Believe it or not, your startup’s office environment has a direct impact on productivity. In particular, you’ll discover that the layout of the office is critically significant. Try experimenting with different styles, but you may find that a coworking layout is ideal.

“Directly inspired by an open office layout, a coworking layout also eliminates walls or boundaries, but is much larger and often shared among multiple companies,” Novel Coworking explains. “The coworking space may feature couches, shared desks, private or dedicated desks, or high counters. Coworking has the added benefit of encouraging cross-company communication and networking.”

3. Permit flexible scheduling.

The 9-to-5 schedule is no longer efficient or cost-effective. Research shows that people function differently and reach their peak productivity at different times throughout the day. If you want to maximize productivity for each of your employees, you should allow for flexible scheduling.

With flexible scheduling, you give your employees the ability to choose their hours. While some may prefer the 9-to-5 time slot, others might prefer 6-to-2 or 12-to-8. Allow your employees to set their hours (within reason) for a few months and see if you notice a positive impact on productivity. Most of the time, there’s a pretty significant boost.

4. Cut back on email.

There’s a fine line between over-communicating and not communicating enough. In startups, there’s a tendency to lean towards the first one. And while it may seem like a sound practice to communicate as much information as possible, it actually bogs down your team and inhibits creativity and innovative thinking.

Try implementing smart email practices within your company. Encourage people to only CC relevant parties and to pick up the phone when there’s something important to discuss. You may also transition to an app like Slack to cut down on the distractions.

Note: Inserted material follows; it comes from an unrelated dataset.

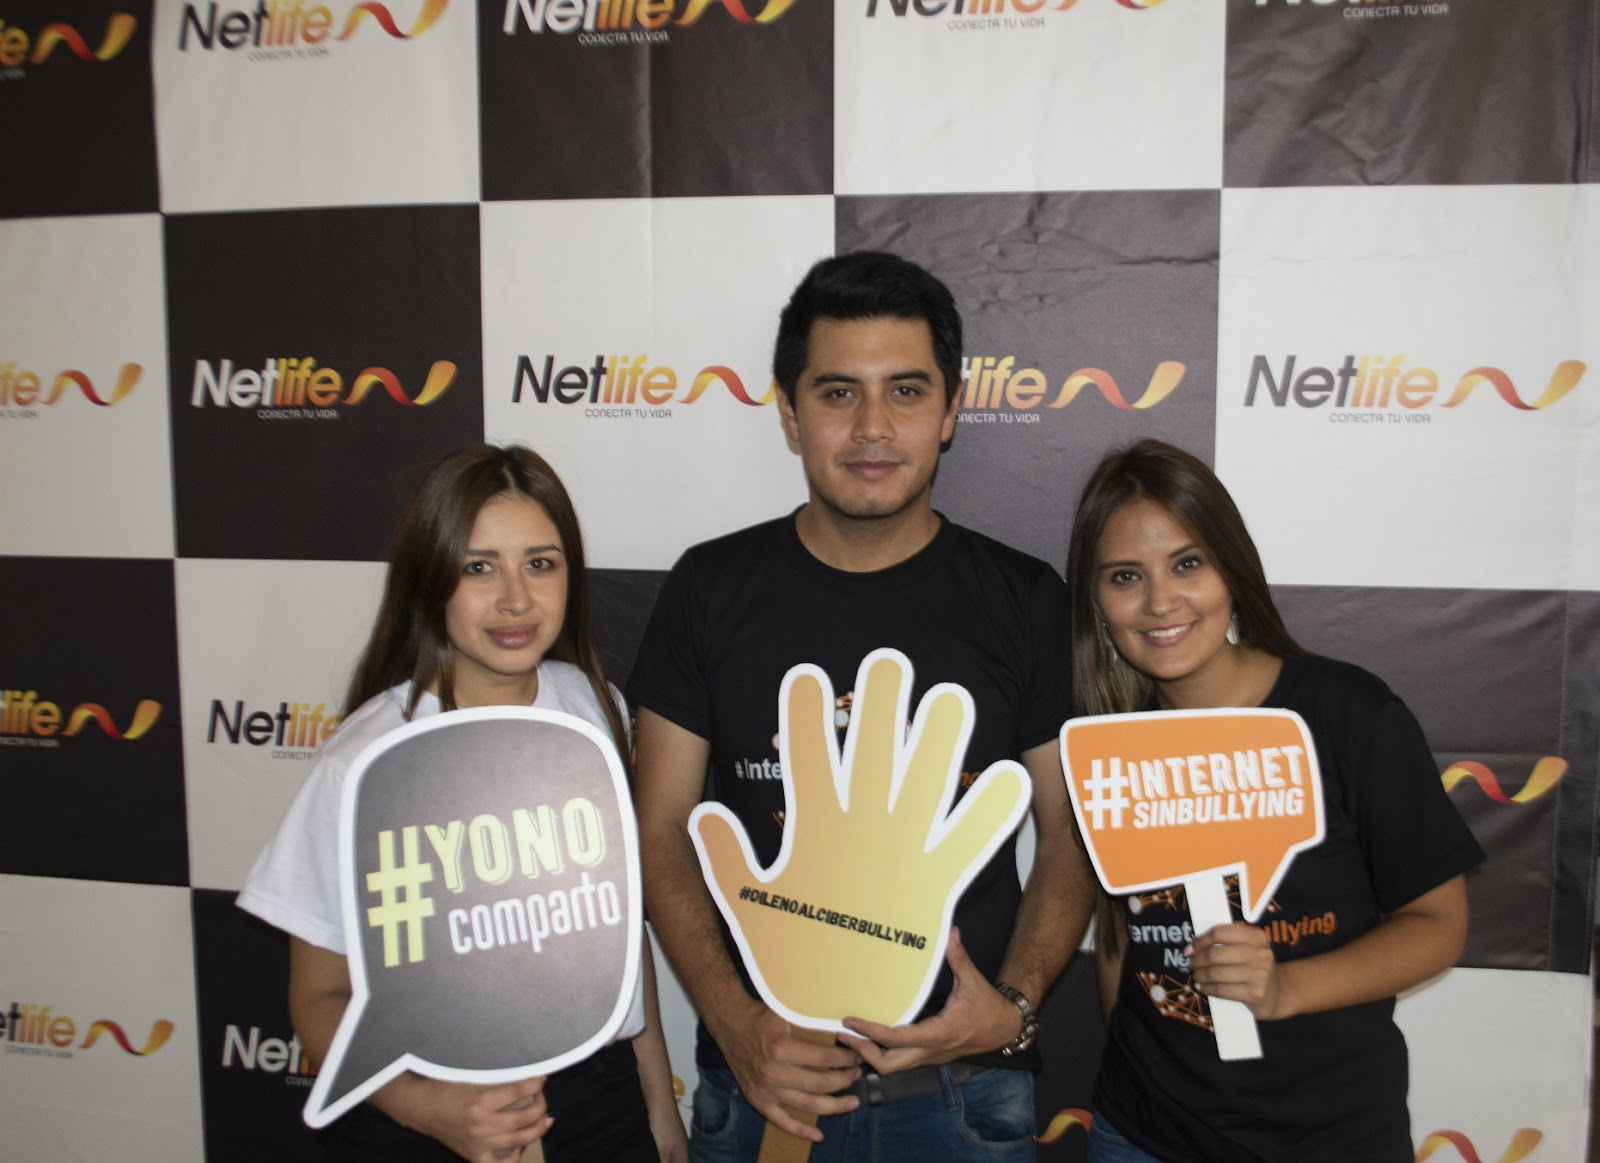 Netlife lanza campaña #internetsinbullying

5. Encourage physical activity

In pursuit of productivity, many people try to put in as many hours as they possibly can. But there isn’t a direct correlation between time and productivity. In fact, sometimes there’s a negative relationship.

Too much time hunched in front of a computer doesn’t do anyone any good. Encourage your team to get physical activity in the middle of the day. They’ll come back refreshed and ready to work.

The goal is to optimize your business.

Running a successful business requires an intimate understanding of how your business functions at its core. But even more important than processes and technology are the people you have on your team. It’s people who make decisions, execute, and build relationships with people and partners in the industry.

And if you want to get the most out of your people, you must learn to maximize productivity and efficiency.